BEGIN Supplied data
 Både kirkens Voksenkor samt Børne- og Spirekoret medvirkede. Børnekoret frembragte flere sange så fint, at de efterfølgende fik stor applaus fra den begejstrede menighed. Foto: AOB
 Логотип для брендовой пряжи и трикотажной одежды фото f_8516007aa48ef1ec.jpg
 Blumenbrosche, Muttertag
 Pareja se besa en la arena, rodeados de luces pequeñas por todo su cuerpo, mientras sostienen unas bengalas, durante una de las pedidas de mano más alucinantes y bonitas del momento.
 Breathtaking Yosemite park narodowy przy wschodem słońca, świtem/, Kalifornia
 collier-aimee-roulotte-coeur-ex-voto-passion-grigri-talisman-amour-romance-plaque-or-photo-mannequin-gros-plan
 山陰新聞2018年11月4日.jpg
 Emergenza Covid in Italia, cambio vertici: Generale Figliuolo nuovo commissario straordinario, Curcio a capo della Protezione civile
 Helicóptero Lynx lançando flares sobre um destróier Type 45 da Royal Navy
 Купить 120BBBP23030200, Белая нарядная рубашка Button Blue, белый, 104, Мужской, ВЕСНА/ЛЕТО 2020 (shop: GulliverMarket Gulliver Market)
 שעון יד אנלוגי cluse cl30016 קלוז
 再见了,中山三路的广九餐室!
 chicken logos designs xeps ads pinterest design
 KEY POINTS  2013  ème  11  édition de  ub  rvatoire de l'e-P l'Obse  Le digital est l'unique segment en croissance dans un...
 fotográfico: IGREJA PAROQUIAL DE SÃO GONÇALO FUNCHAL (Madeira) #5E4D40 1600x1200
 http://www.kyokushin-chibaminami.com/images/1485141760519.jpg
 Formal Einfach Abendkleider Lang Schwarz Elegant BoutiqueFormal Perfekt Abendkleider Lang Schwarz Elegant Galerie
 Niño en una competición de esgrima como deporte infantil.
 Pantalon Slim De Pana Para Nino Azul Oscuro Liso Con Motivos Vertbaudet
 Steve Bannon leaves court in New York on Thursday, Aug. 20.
END Supplied data
*What this task involves*: Print exactly, and only, the lines running from the one that contains "Niño en una" to the last line of the records above.

*Output below*:
 Niño en una competición de esgrima como deporte infantil.
 Pantalon Slim De Pana Para Nino Azul Oscuro Liso Con Motivos Vertbaudet
 Steve Bannon leaves court in New York on Thursday, Aug. 20.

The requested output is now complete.